BRIEF DESCRIPTION OF THE DRAWINGS
FIG. 1 shows a schematic structure of a motor vehicle spark ignition engine at which an exhaust gas purification catalyst according to an embodiment of the present invention is mounted.
FIG. 2 is perspective and partly enlarged views showing the structure of the exhaust gas purification catalyst.
FIG. 3 is a graph showing the light-off temperatures of various kinds of catalyst materials.
FIG. 4 is a graph showing the high-temperature catalytic conversion efficiencies of the various kinds of catalyst materials.
FIG. 5 is a graph showing effects of the mass ratio of Rh carried on ZrLaO/Al2O3 on the light-off temperature.
FIG. 6 is a graph showing the results of examination of Rh 3d electron binding energy of Rh/ZrLaO/Al2O3 by x-ray photoelectron spectroscopy (XPS).

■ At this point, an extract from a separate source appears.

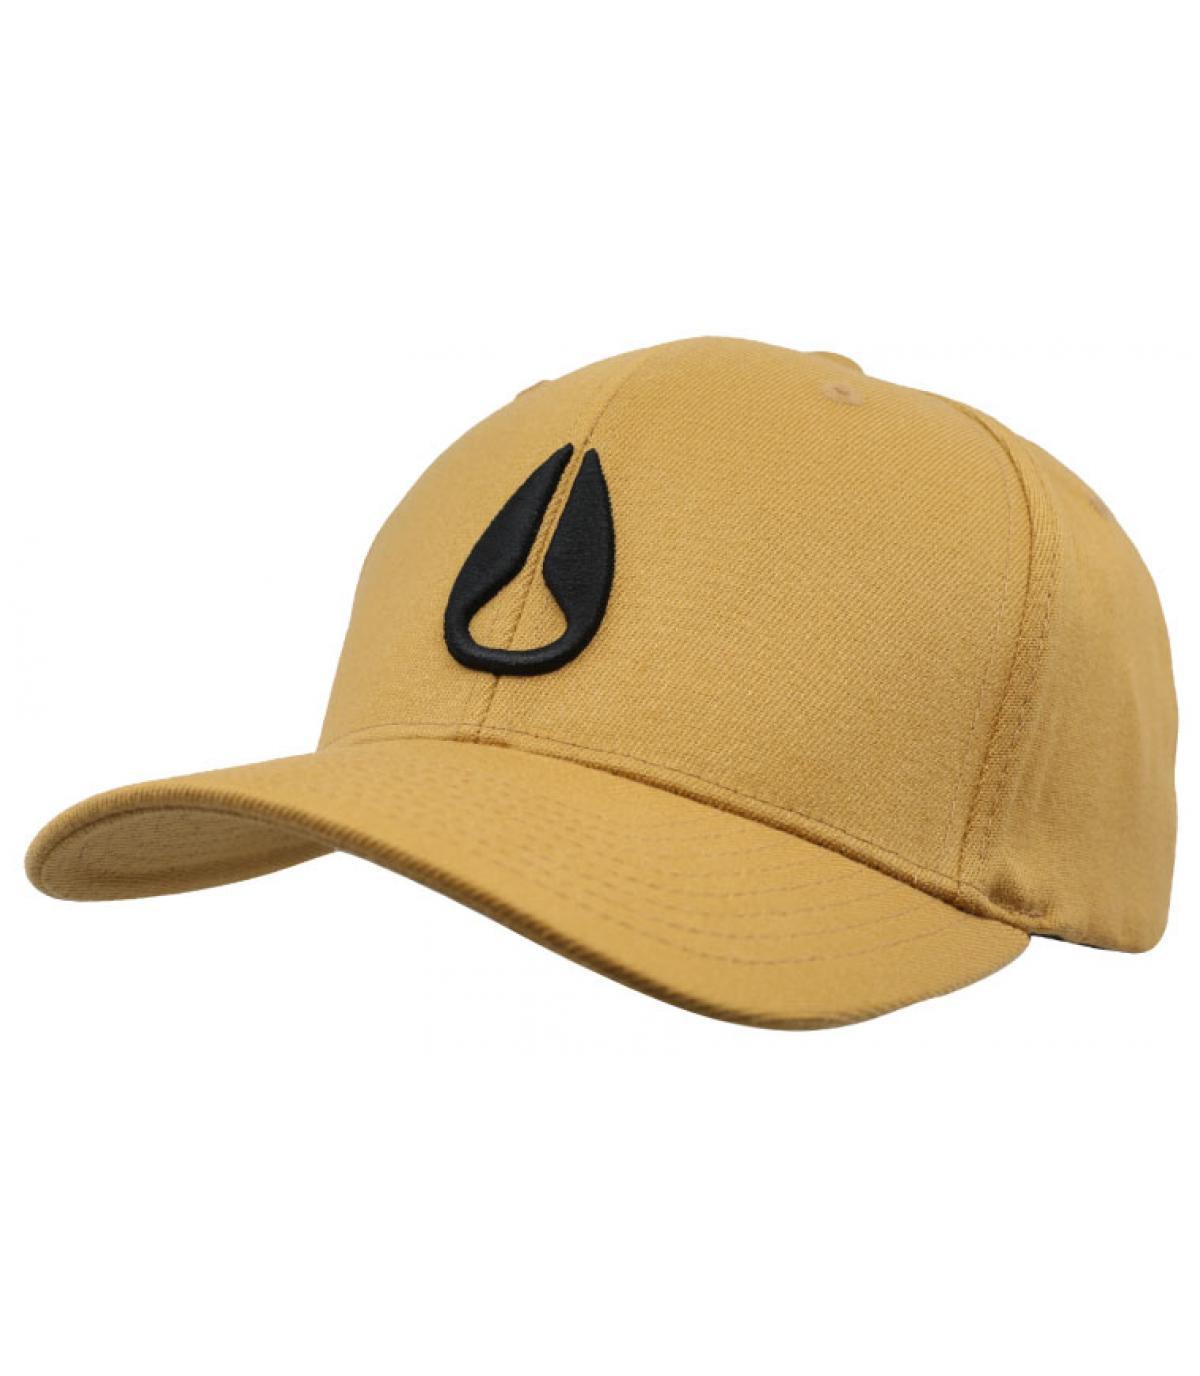 beige Nixon cap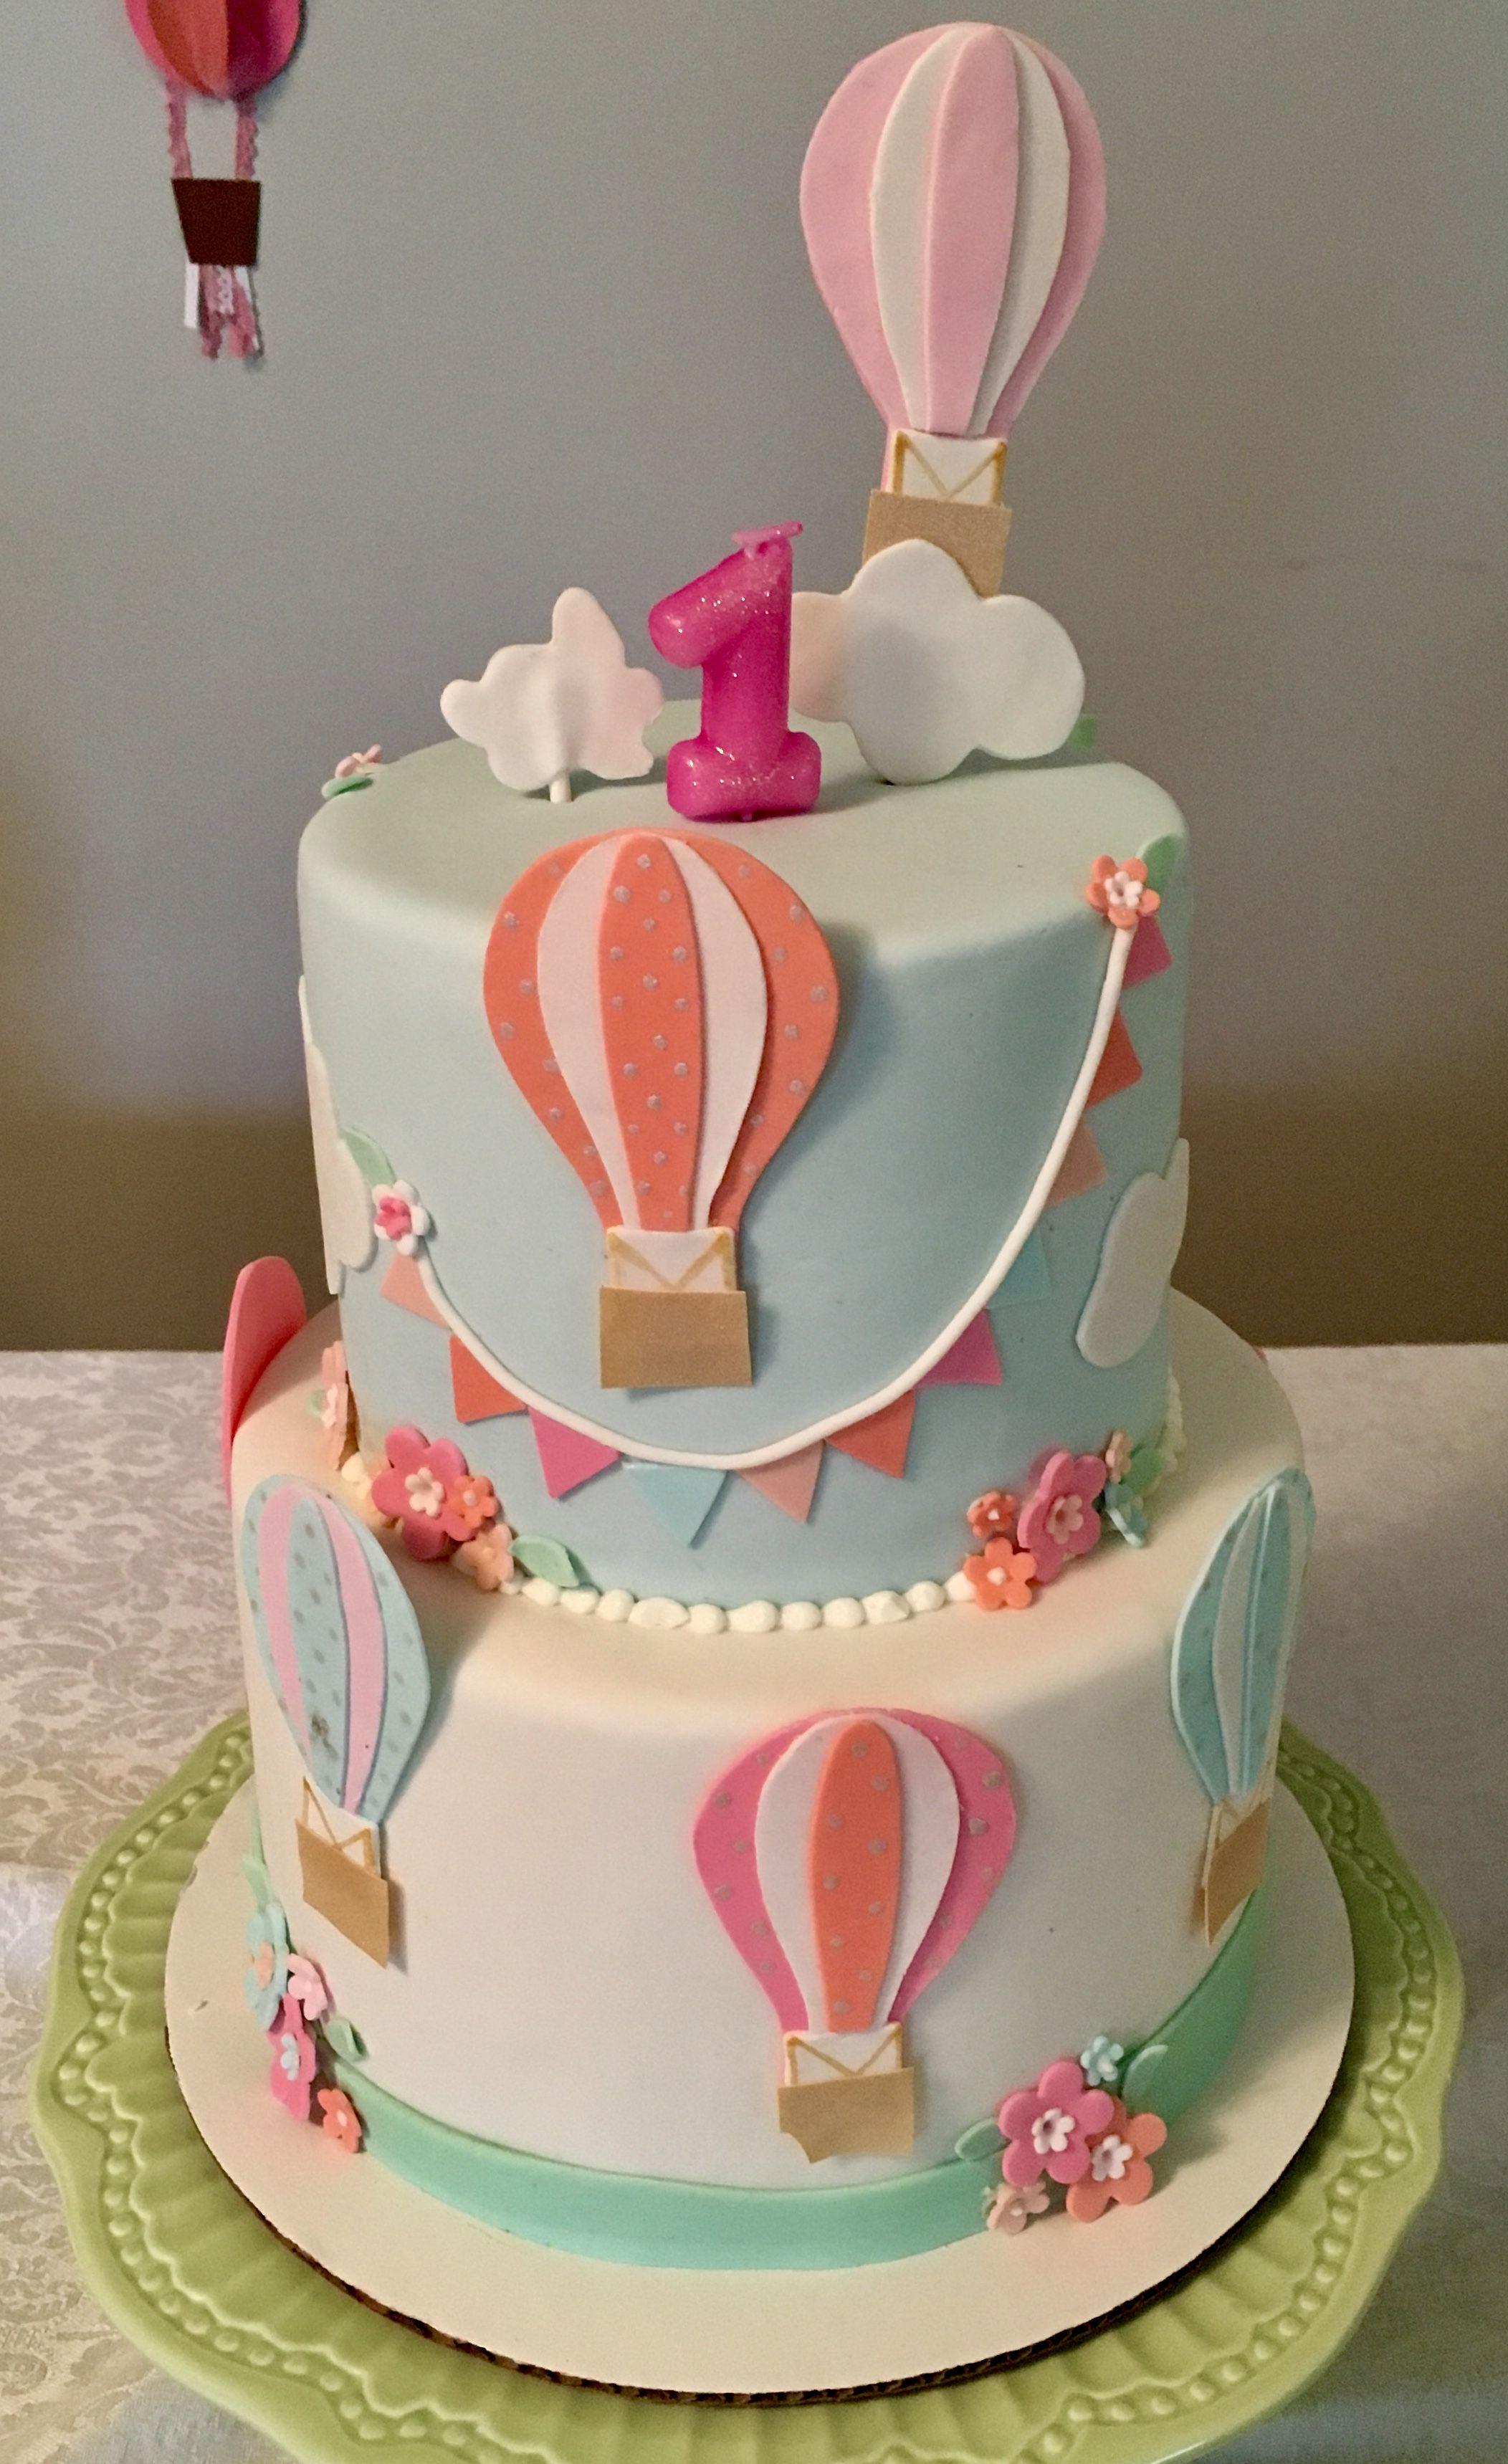 Tremendous 1St Birthday Hot Air Balloon Cake With Images Hot Air Balloon Funny Birthday Cards Online Necthendildamsfinfo

FIG. 7 is a graph showing the results of examination of Rh 3d electron binding energy of Rh/ZrO2/Al2O3 by XPS.
FIG. 8 is a graph showing effects of the mass ratio of Rh carried on ZrLaO/Al2O3 on the oxygen release capacity of an OSC.
FIG. 9 is a cross-sectional view showing part of a device for measuring the amount of oxygen release.
FIGS. 10A-10B schematically shows fuel-lean conditions and fuel-rich conditions for a catalyst in which Rh/ZrLaO/Al2O3 coexists with Rh/OSC.
DETAILED DESCRIPTION OF THE INVENTION
A description is given below of the best mode for carrying out the present invention with reference to the drawings.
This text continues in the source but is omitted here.